• _DATA PROVIDED_

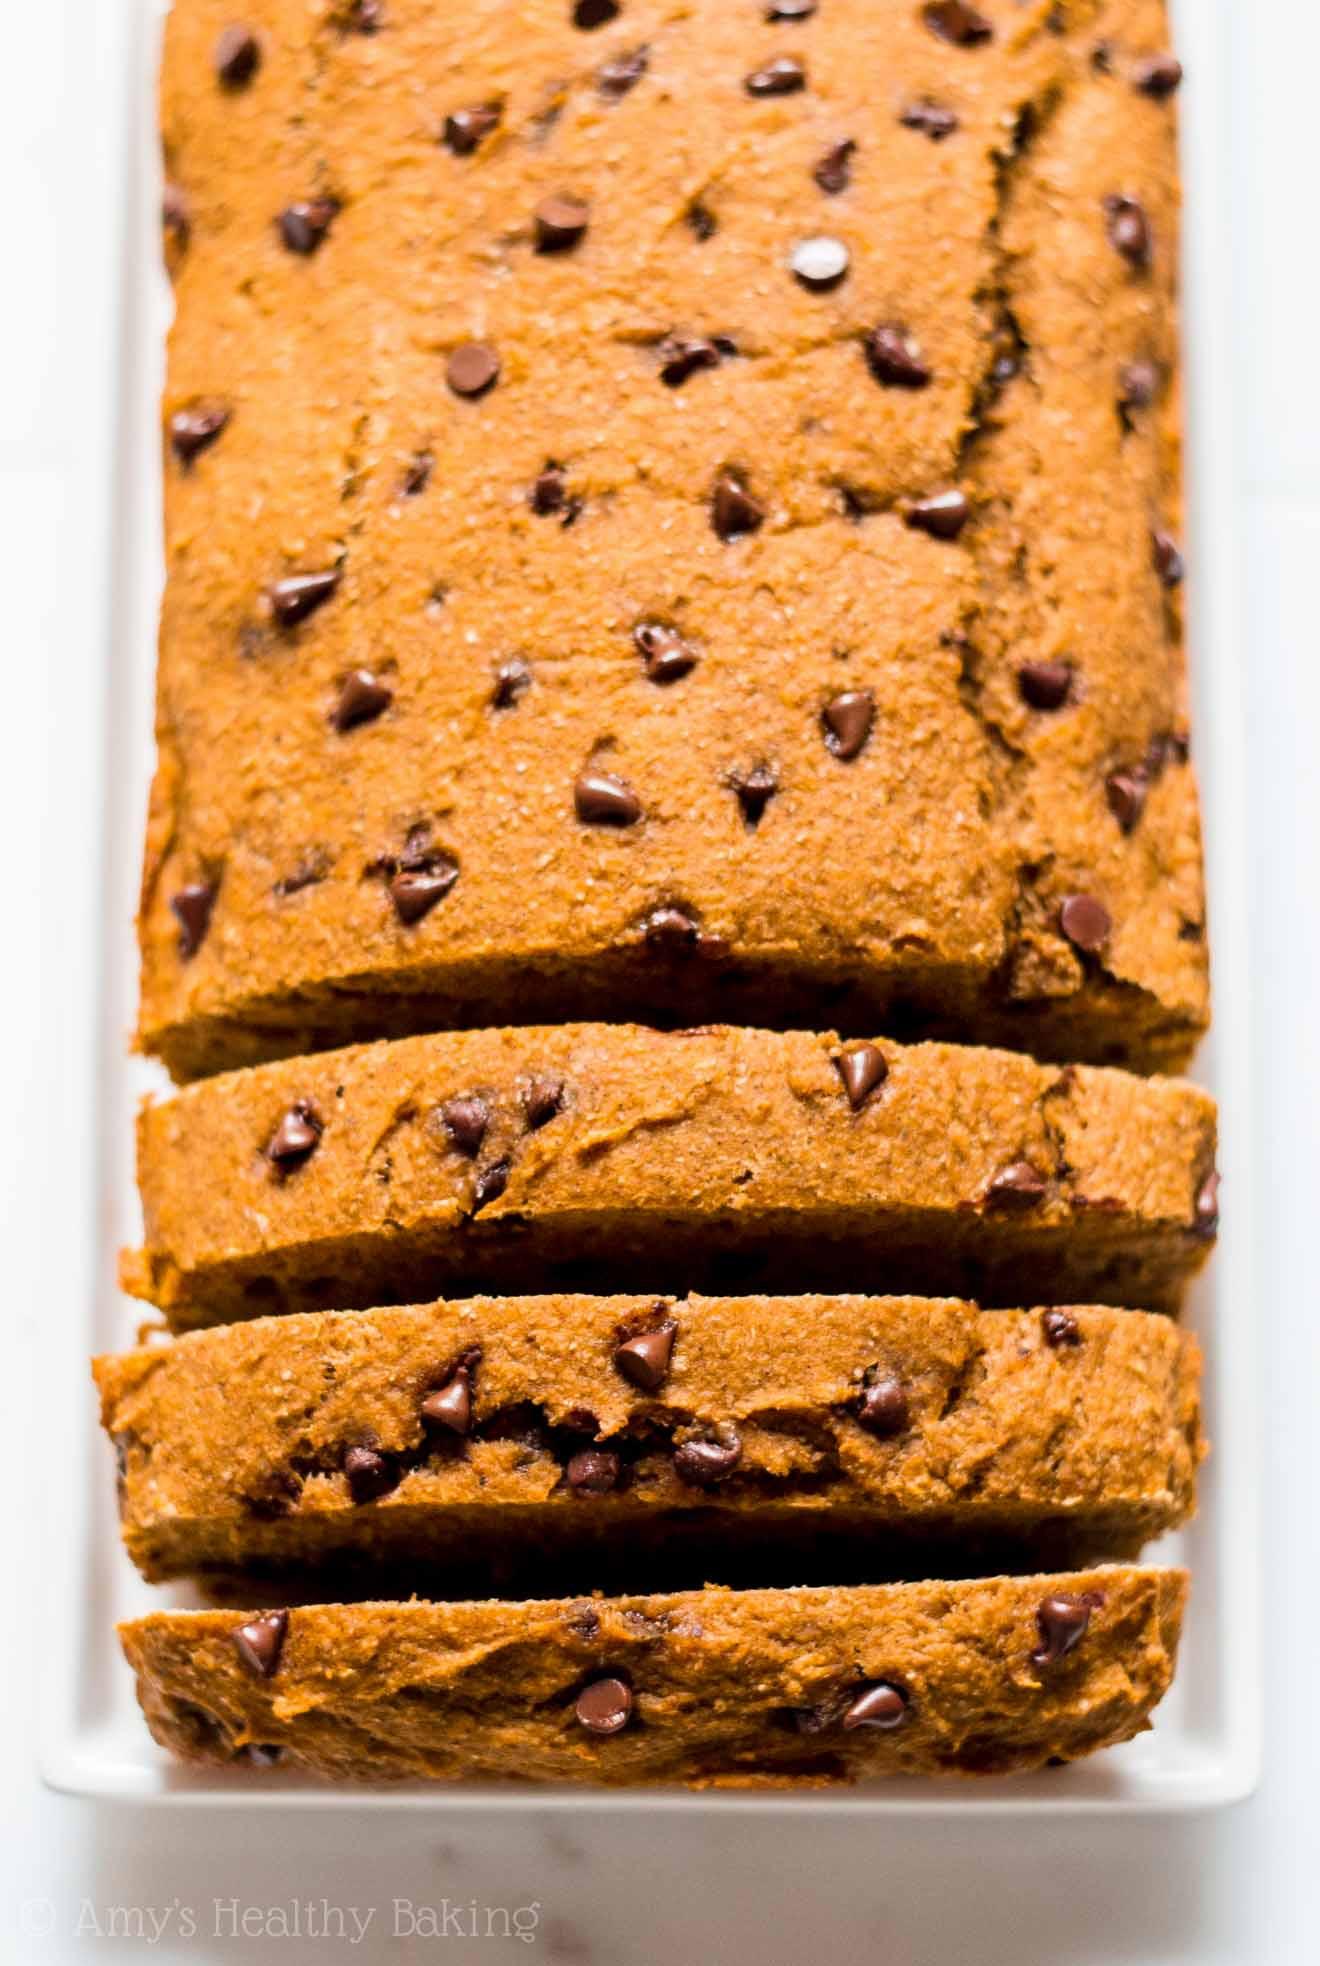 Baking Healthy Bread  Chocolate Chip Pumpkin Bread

--

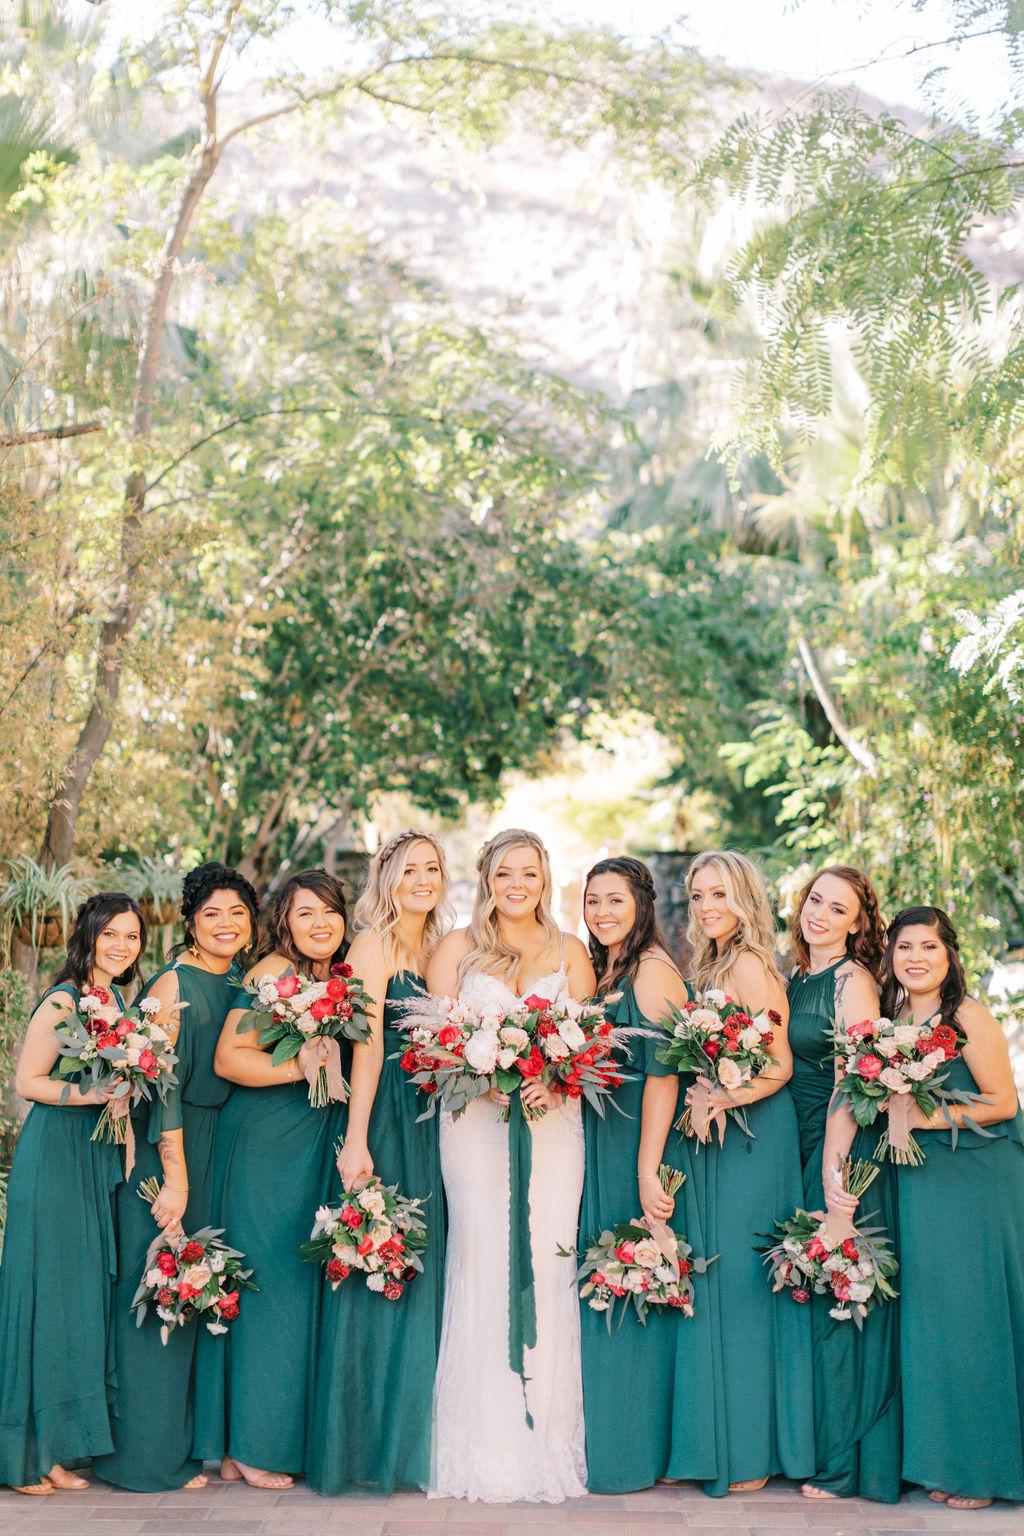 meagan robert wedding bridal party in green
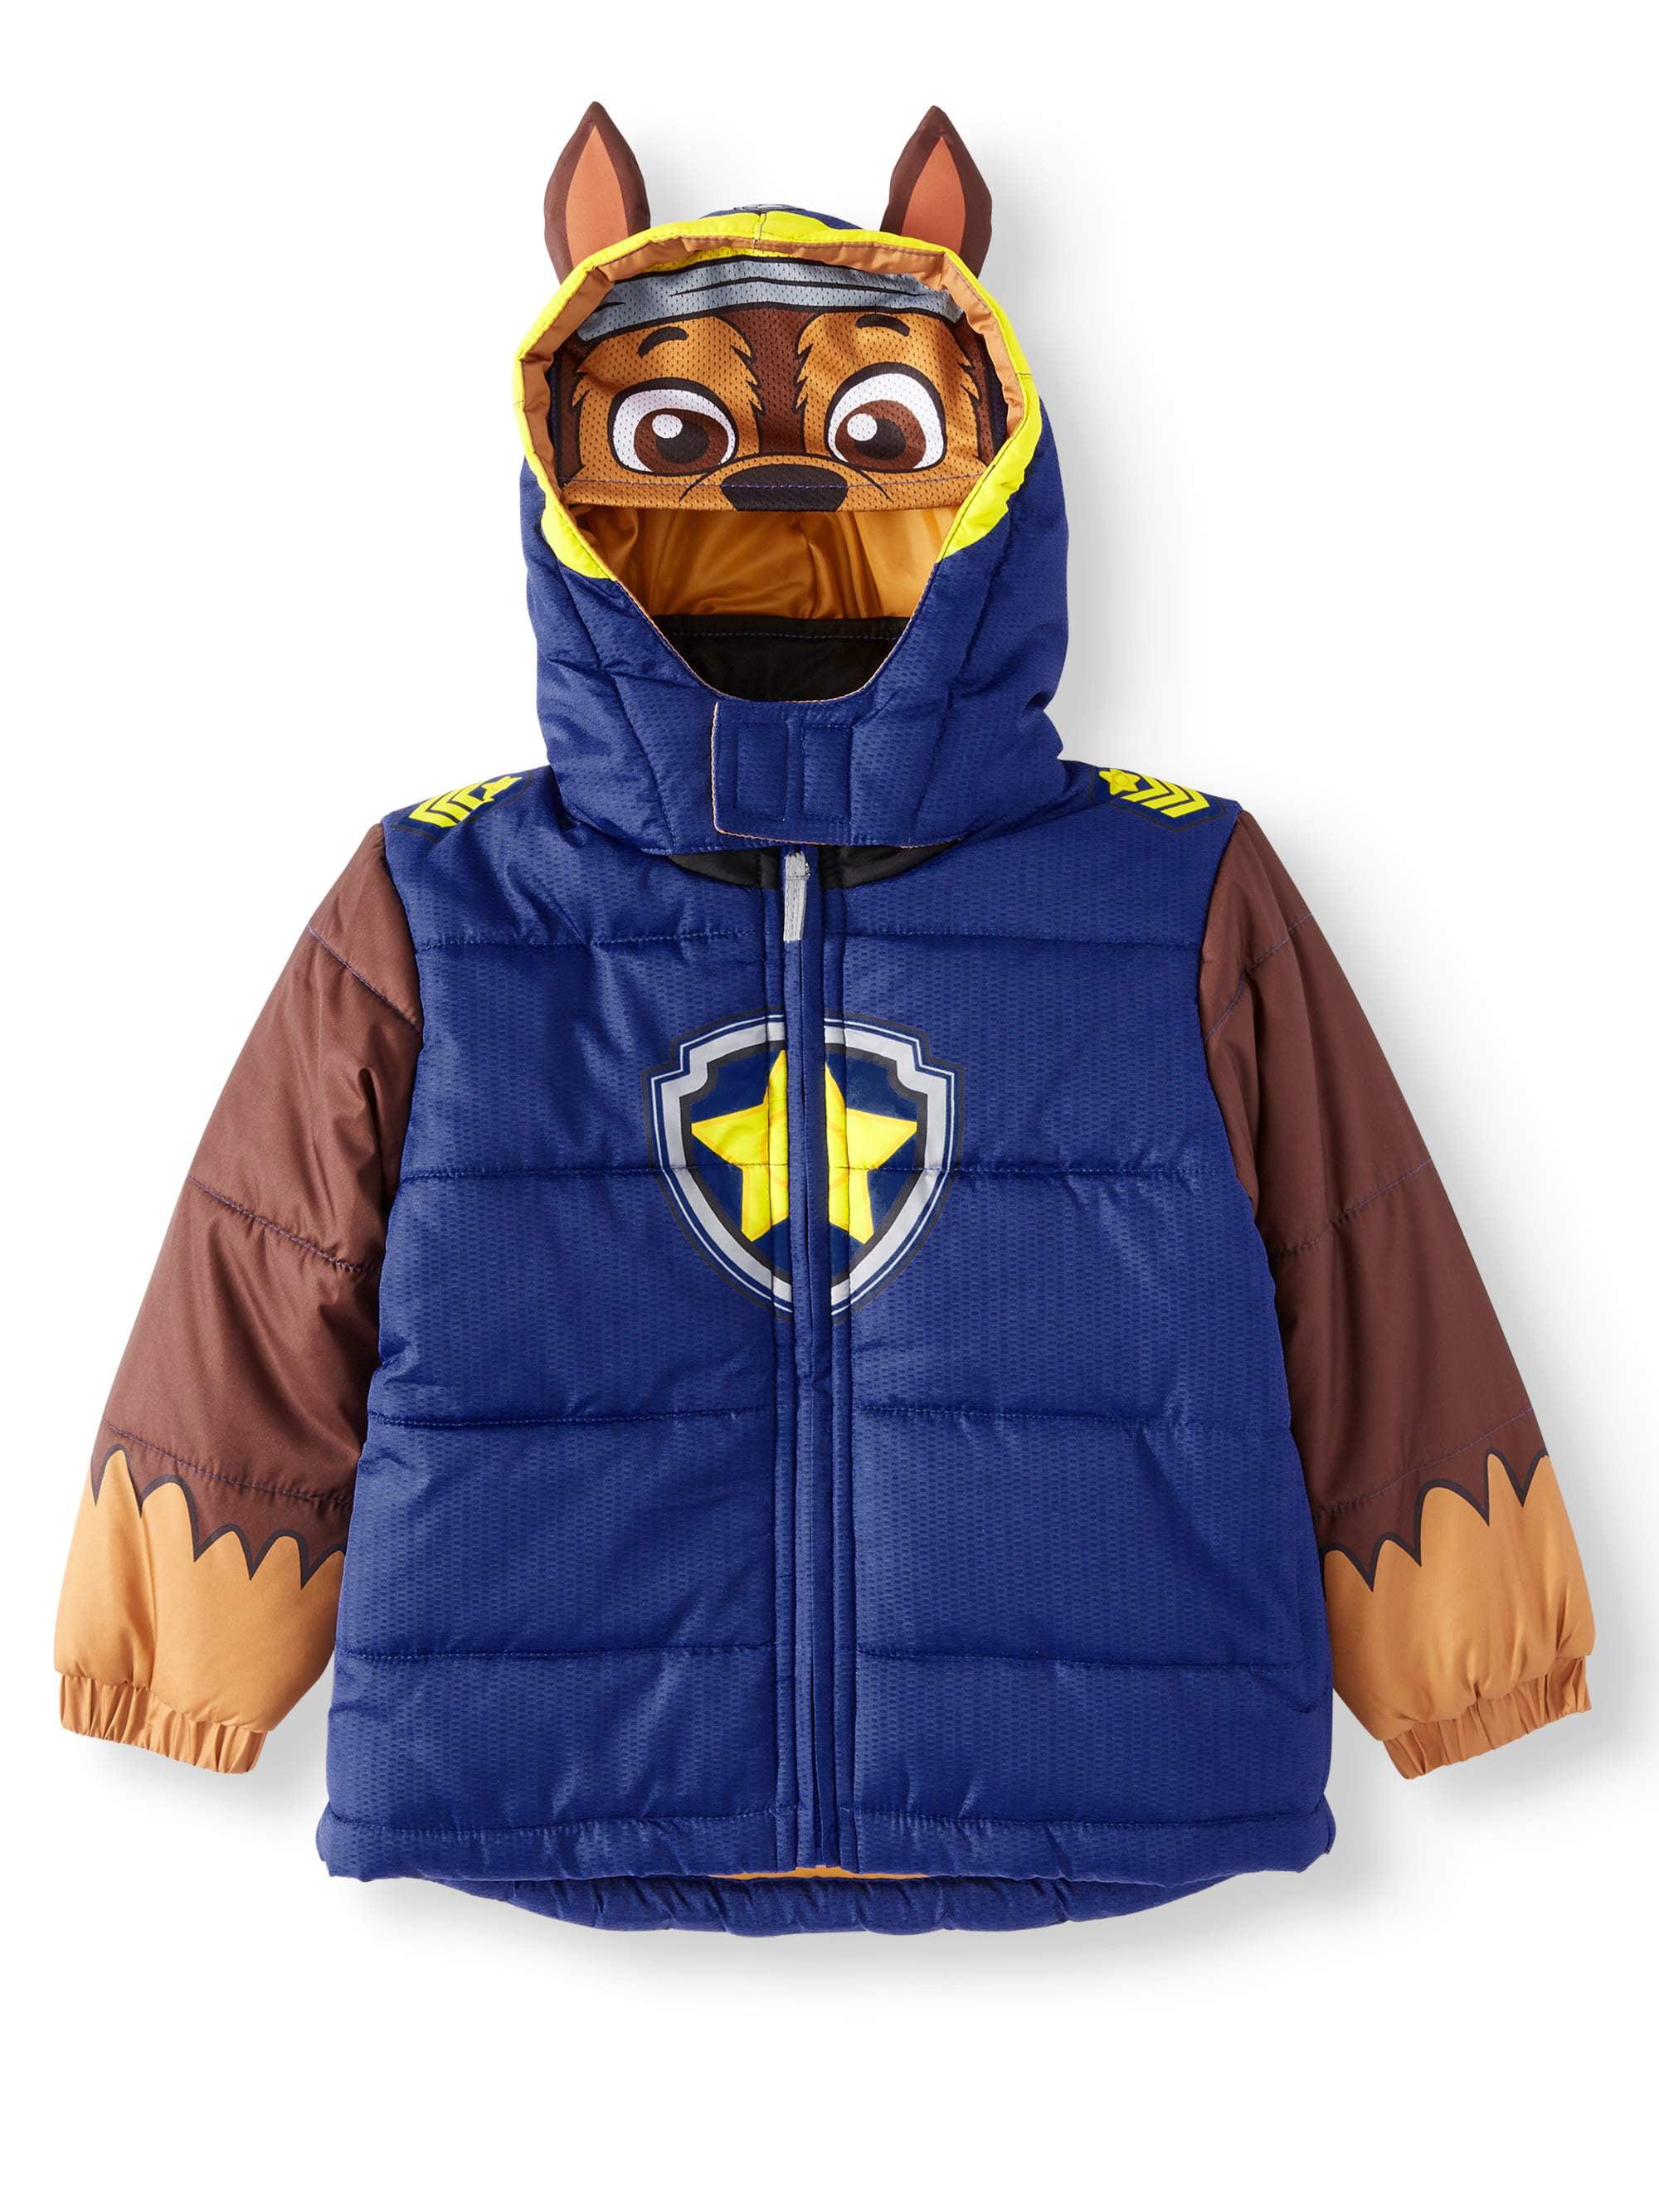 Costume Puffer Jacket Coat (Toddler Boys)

• _AIM OF THE TASK_
Among the entries above, take the line with "meagan robert wedding bridal party in green", the line with "Costume Puffer Jacket Coat (Toddler Boys)", and all the lines between them, and restate them word for word without pictures.

• _WRITTEN ANSWER_
 meagan robert wedding bridal party in green
 Costume Puffer Jacket Coat (Toddler Boys)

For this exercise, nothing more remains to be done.